[ad_1]
The International Monetary Fund (IMF) has described an “adverse scenario” in which an escalation of conflict in the Middle East would lead to a 15 per cent jump in oil prices and higher shipping costs that would hike global inflation by about 0.7 percentage points. Global brokerages such as Morgan Stanley has lifted its third quarter Brent crude oil forecast by $4 per barrel to $94 .
Also Read: Iran’s crude oil output up 20% in 2 years at 3.3% of global supply: What does this mean for the Iran-Israel proxy war?
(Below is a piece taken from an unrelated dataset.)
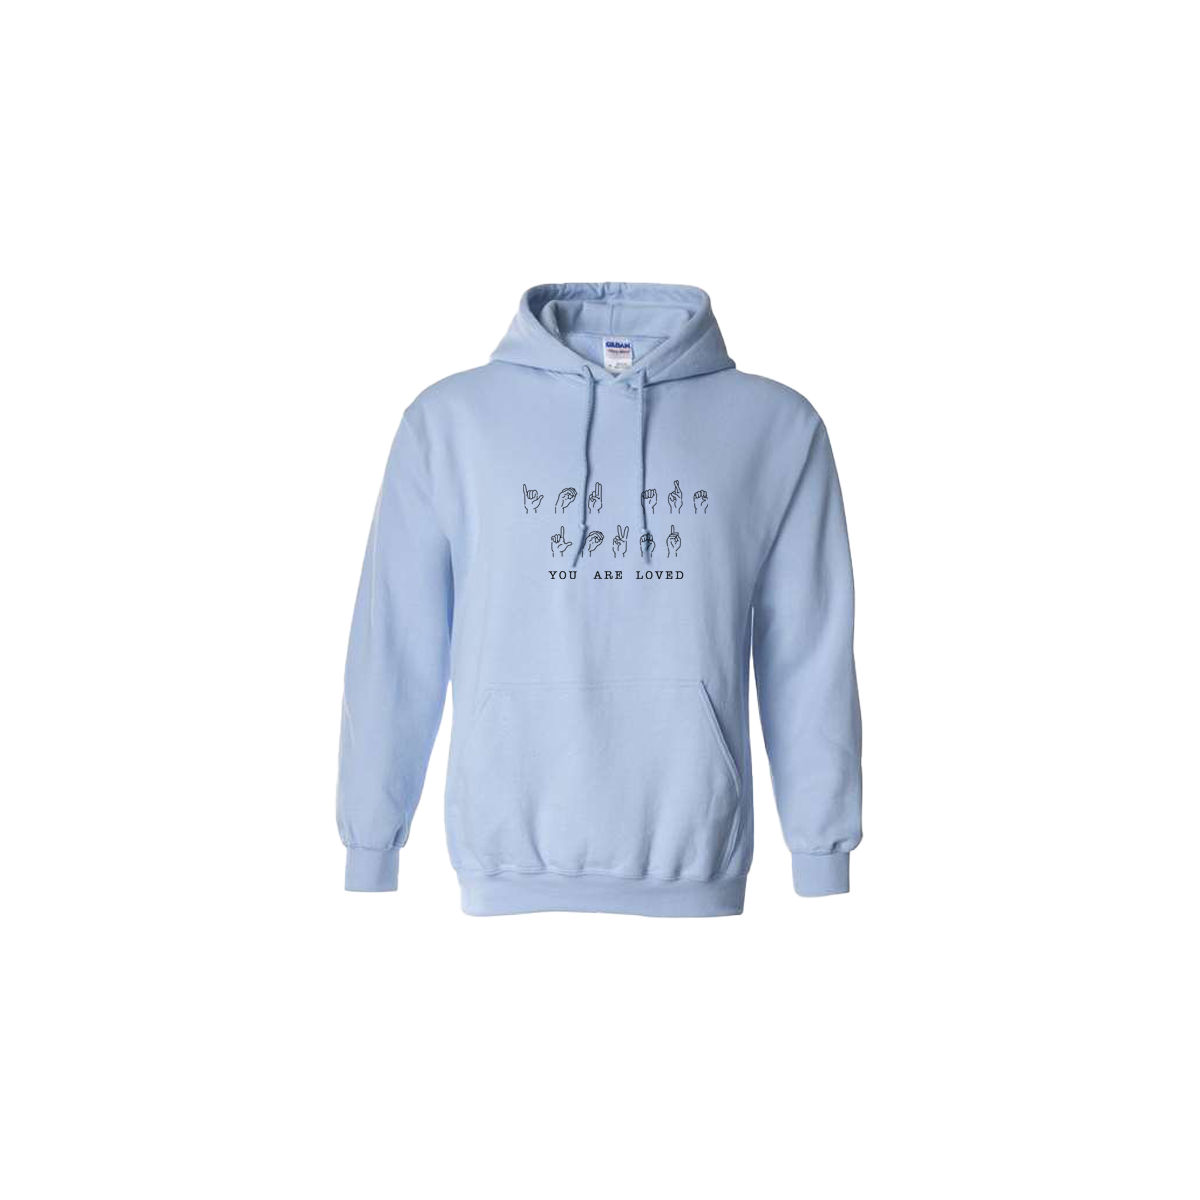 You Are Loved Sign Language Embroidered Light Blue Hoodie - Mental Health Awareness Clothing
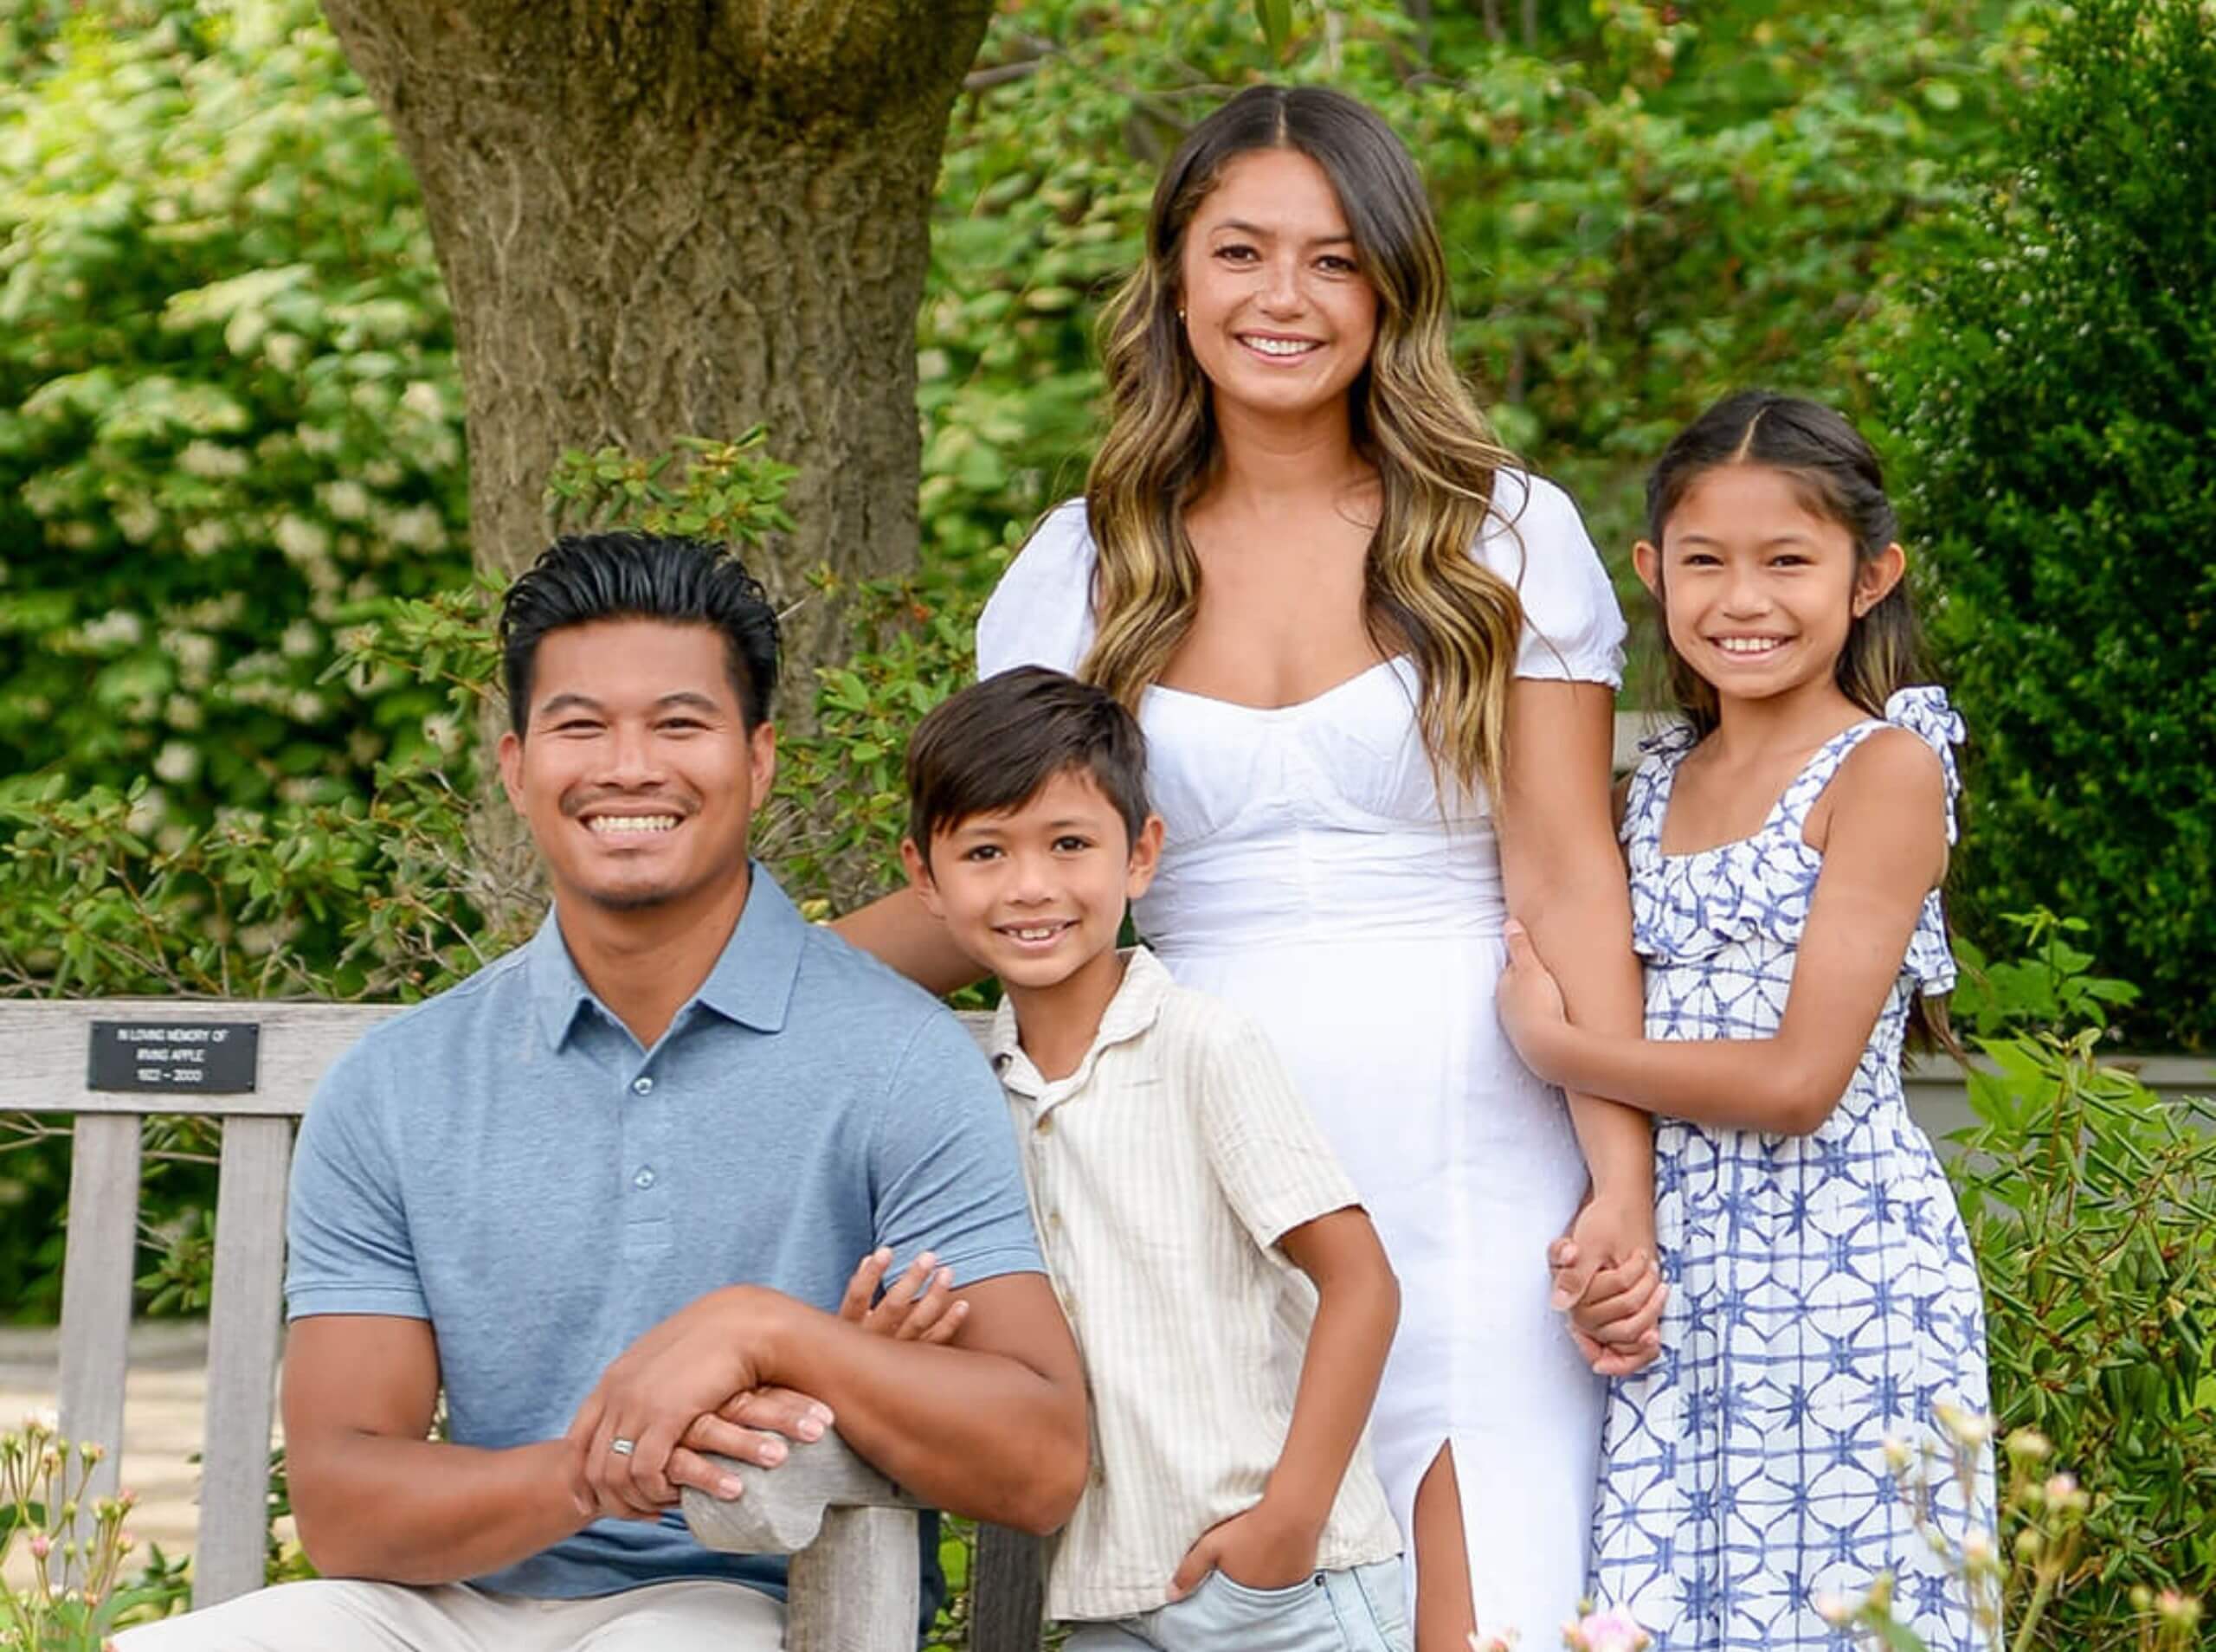 Photo Session + Photo Cards from JCPenney Portrait (Up to 83% Off)

Oil was last above $100 in 2022. It briefly spiked to around $139 after Russia invaded Ukraine, its highest since 2008. The tightness in oil supplies, and higher prices, has been underpinned by oil producing group OPEC and other big oil producers curbing their output. With oil prices expected to stay high, here’s how the fresh spike will impact world markets:
How will the rise in oil prices impact world markets?
Inflation: Softening energy prices have been a principal driver of lower inflation expectations recently. Higher oil prices are seen as a threat to this trend. The latest US inflation print has cut back hopes of an early rate cut by the US Federal Reserve. Coming to Europe, the European Central Bank (ECB) has a two per cent inflation target.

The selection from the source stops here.